▶ [Work item]: Exclude images, then output the remaining data verbatim.

▶ [Data below]:
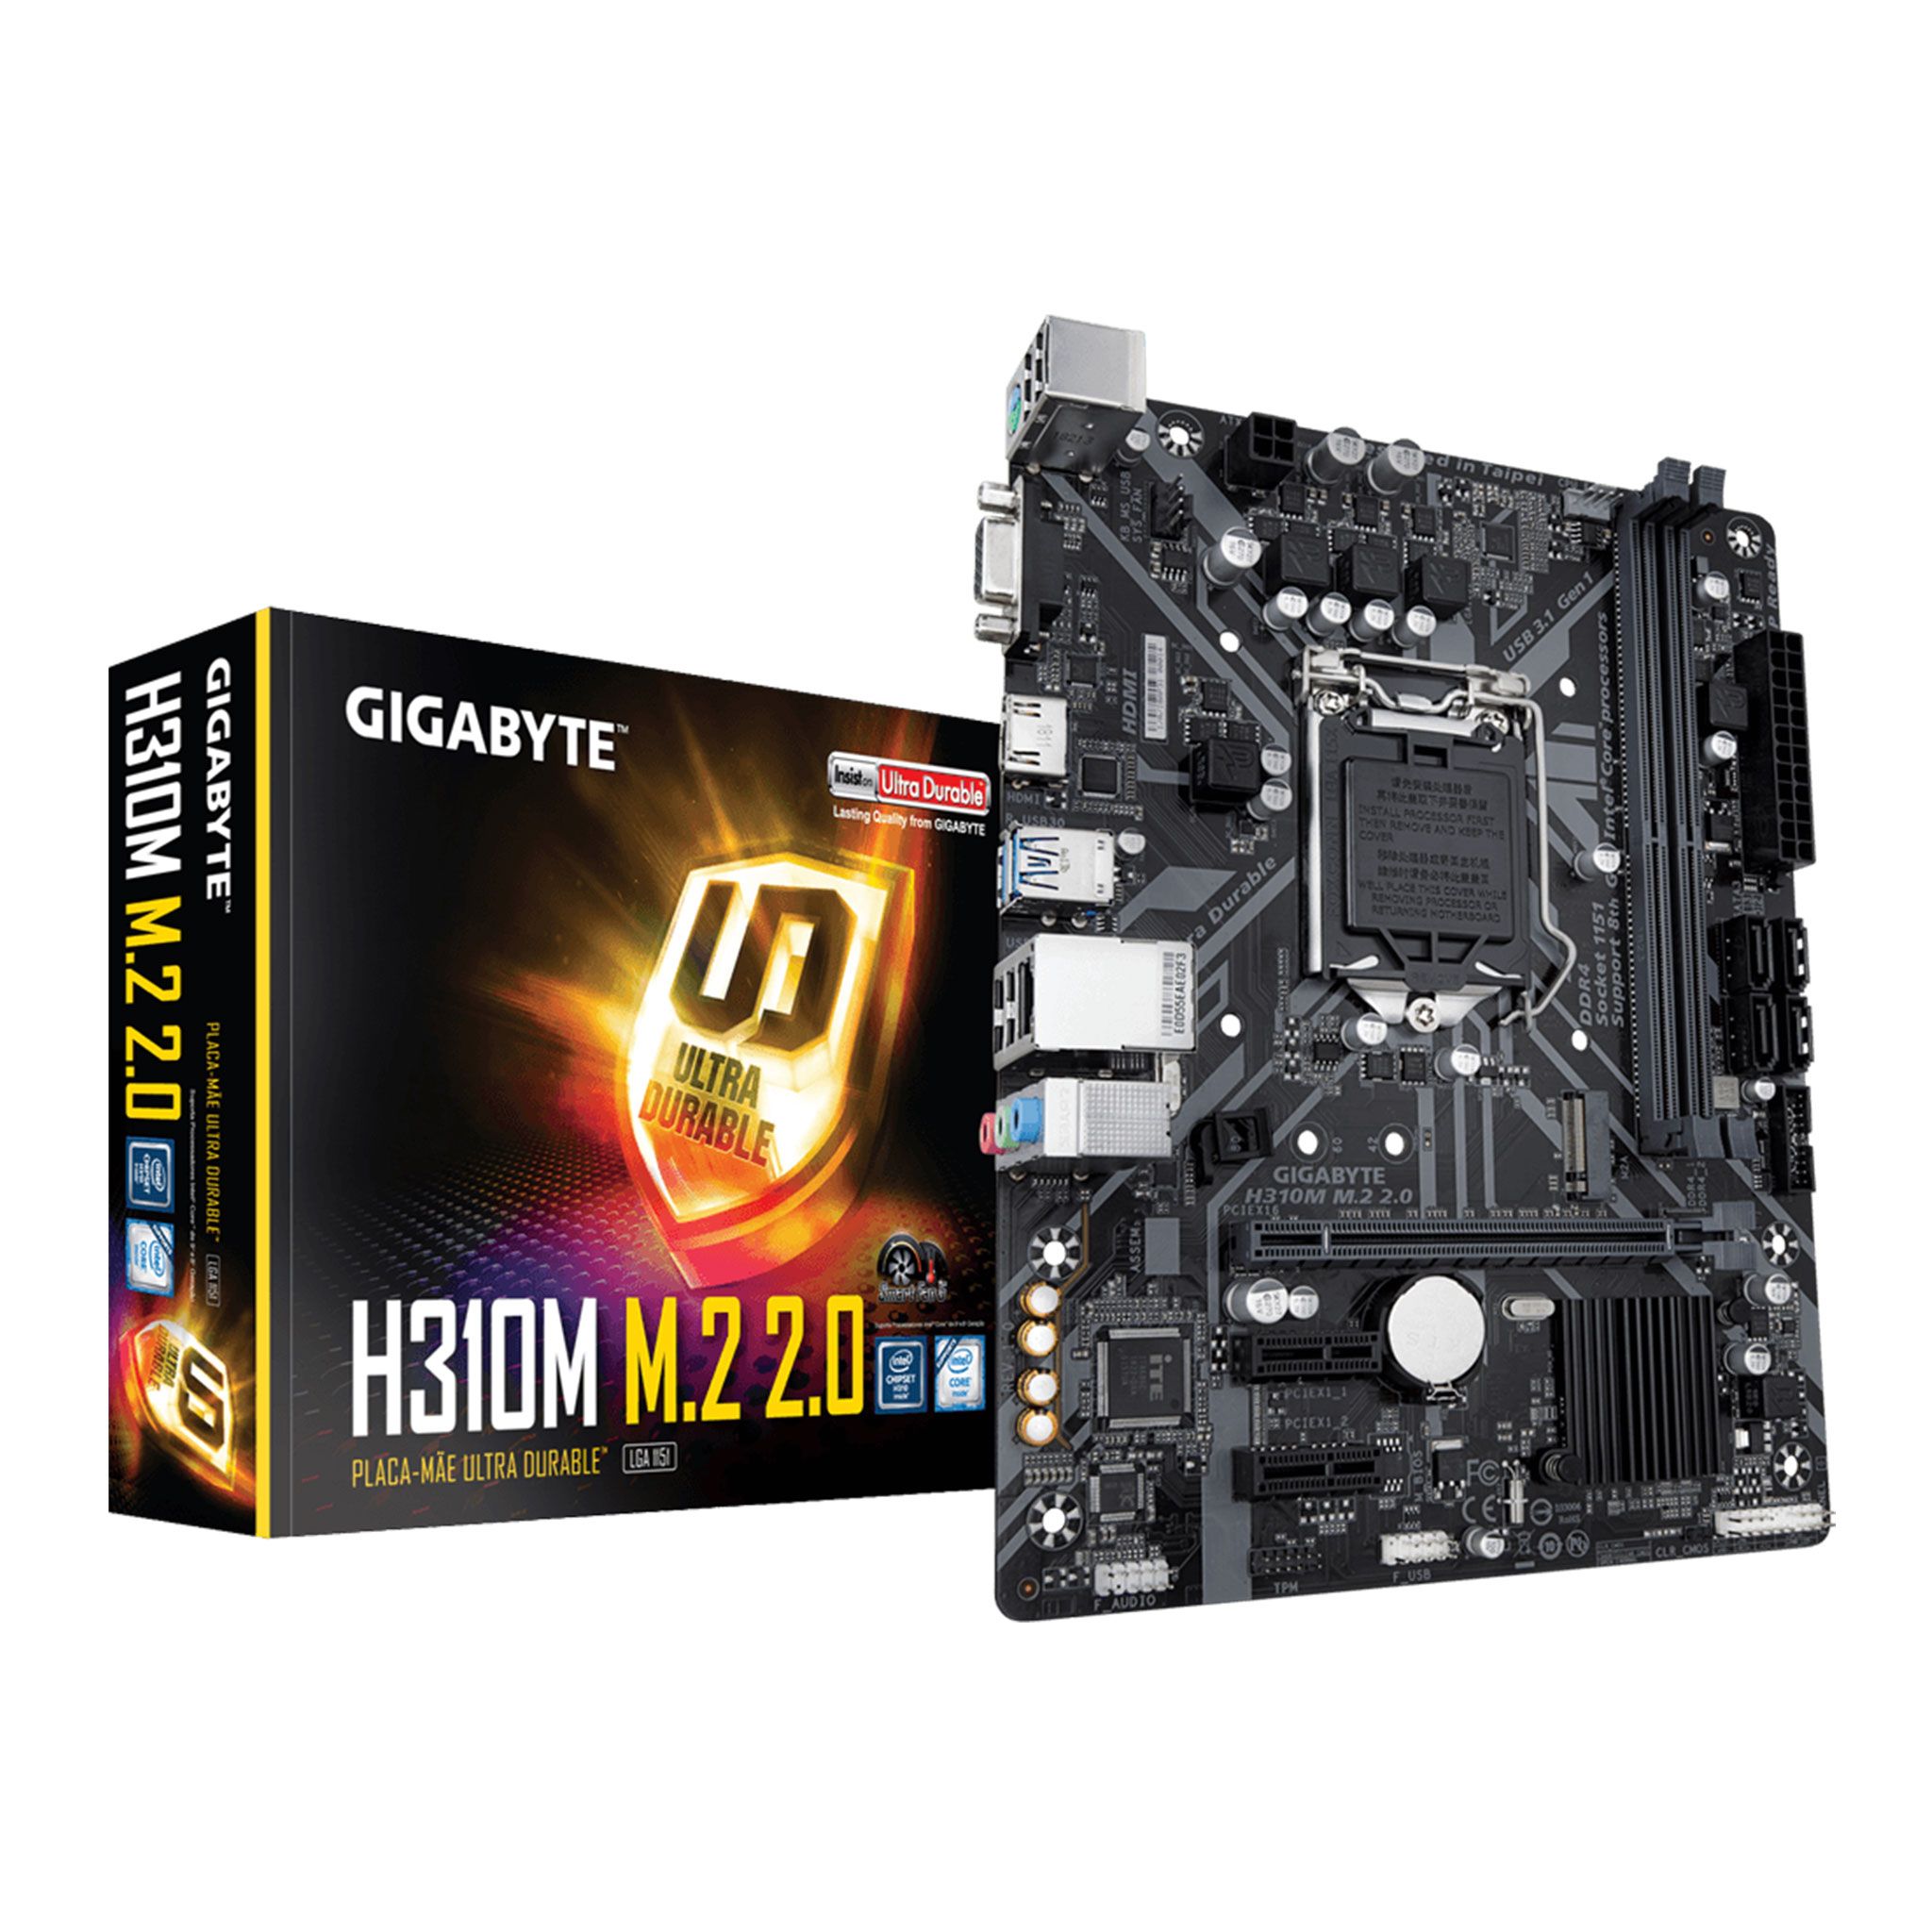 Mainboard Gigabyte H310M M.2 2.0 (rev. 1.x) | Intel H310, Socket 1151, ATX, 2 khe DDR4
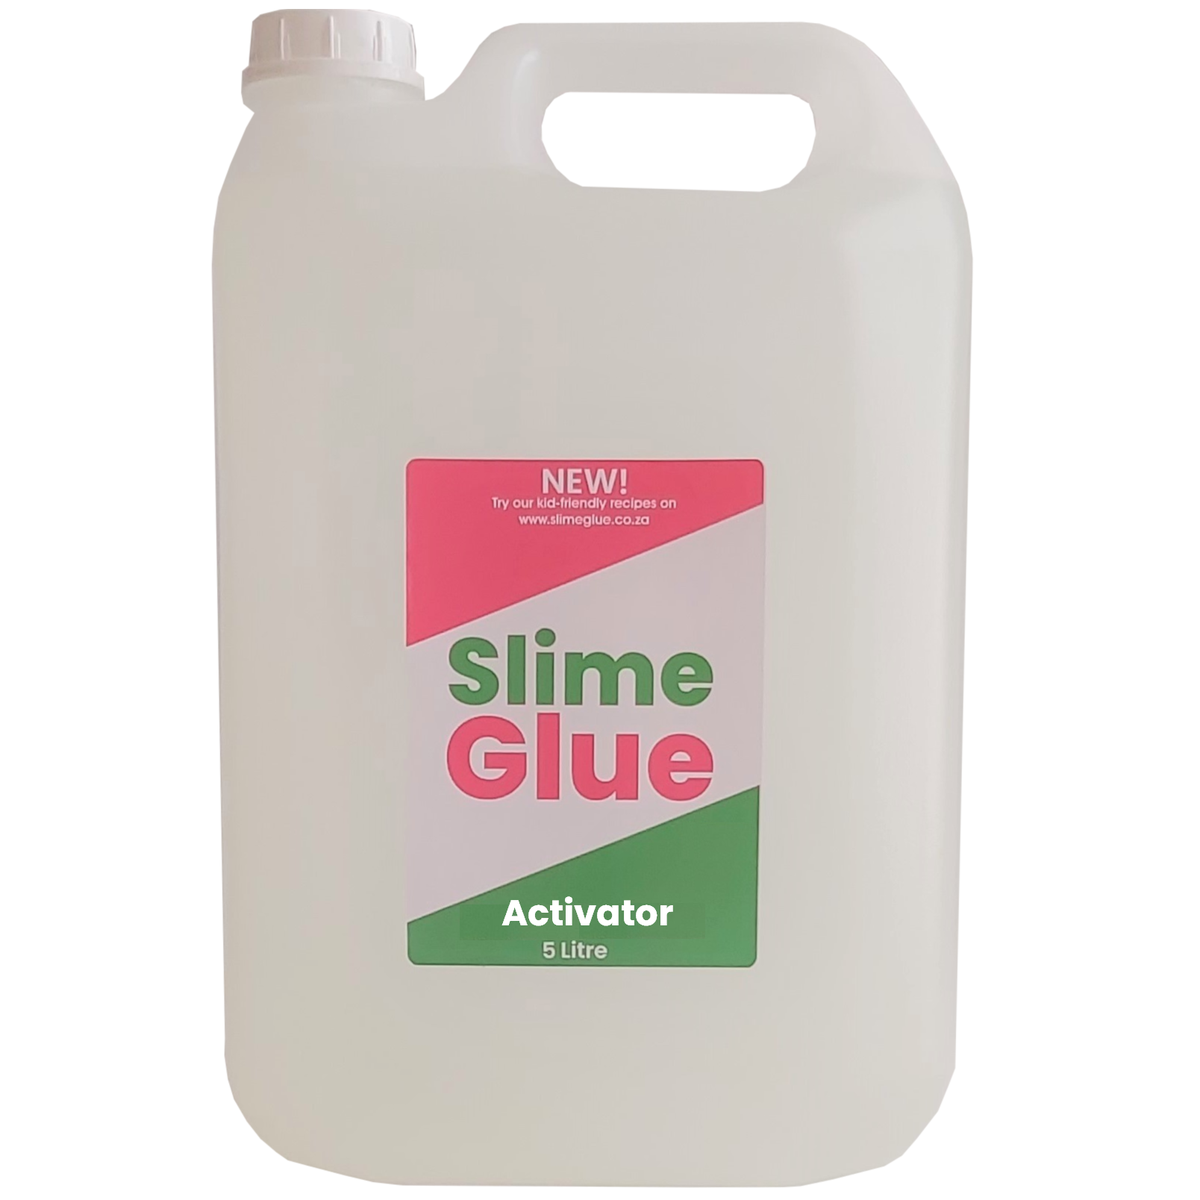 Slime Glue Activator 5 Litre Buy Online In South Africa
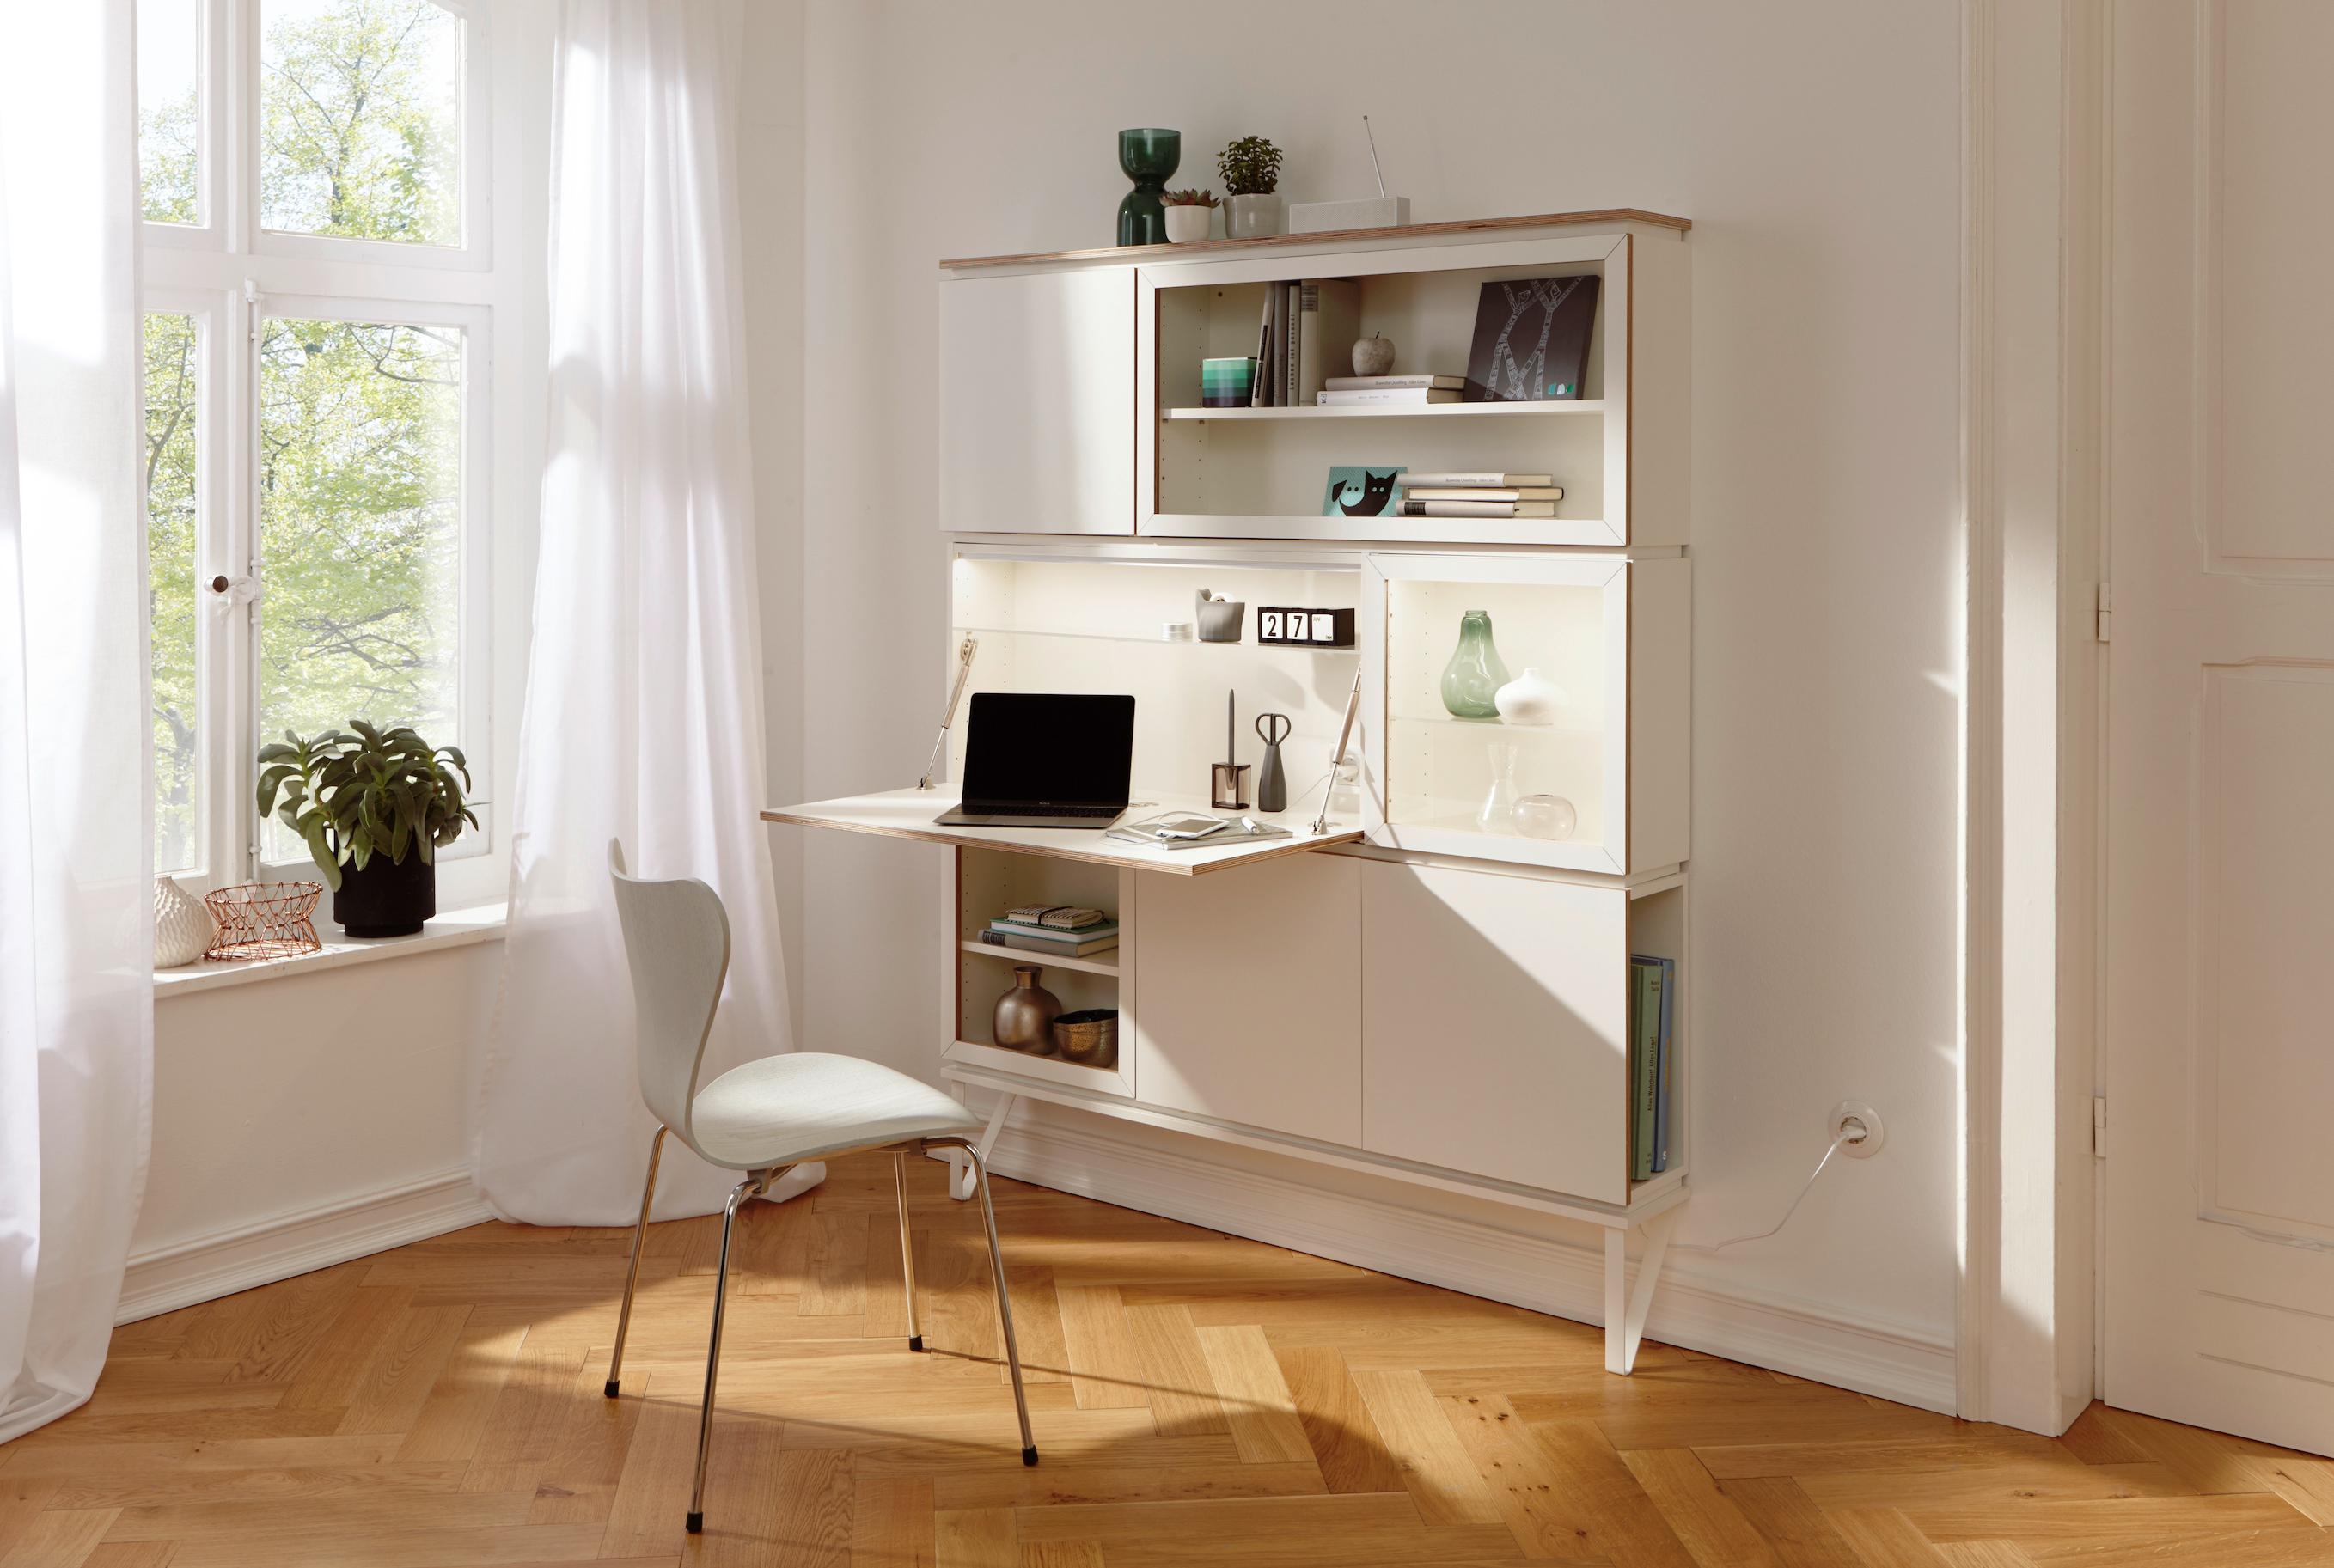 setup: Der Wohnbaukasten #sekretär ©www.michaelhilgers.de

▶ [Answer to this task]:
 Mainboard Gigabyte H310M M.2 2.0 (rev. 1.x) | Intel H310, Socket 1151, ATX, 2 khe DDR4
 Slime Glue Activator 5 Litre Buy Online In South Africa
 setup: Der Wohnbaukasten #sekretär ©www.michaelhilgers.de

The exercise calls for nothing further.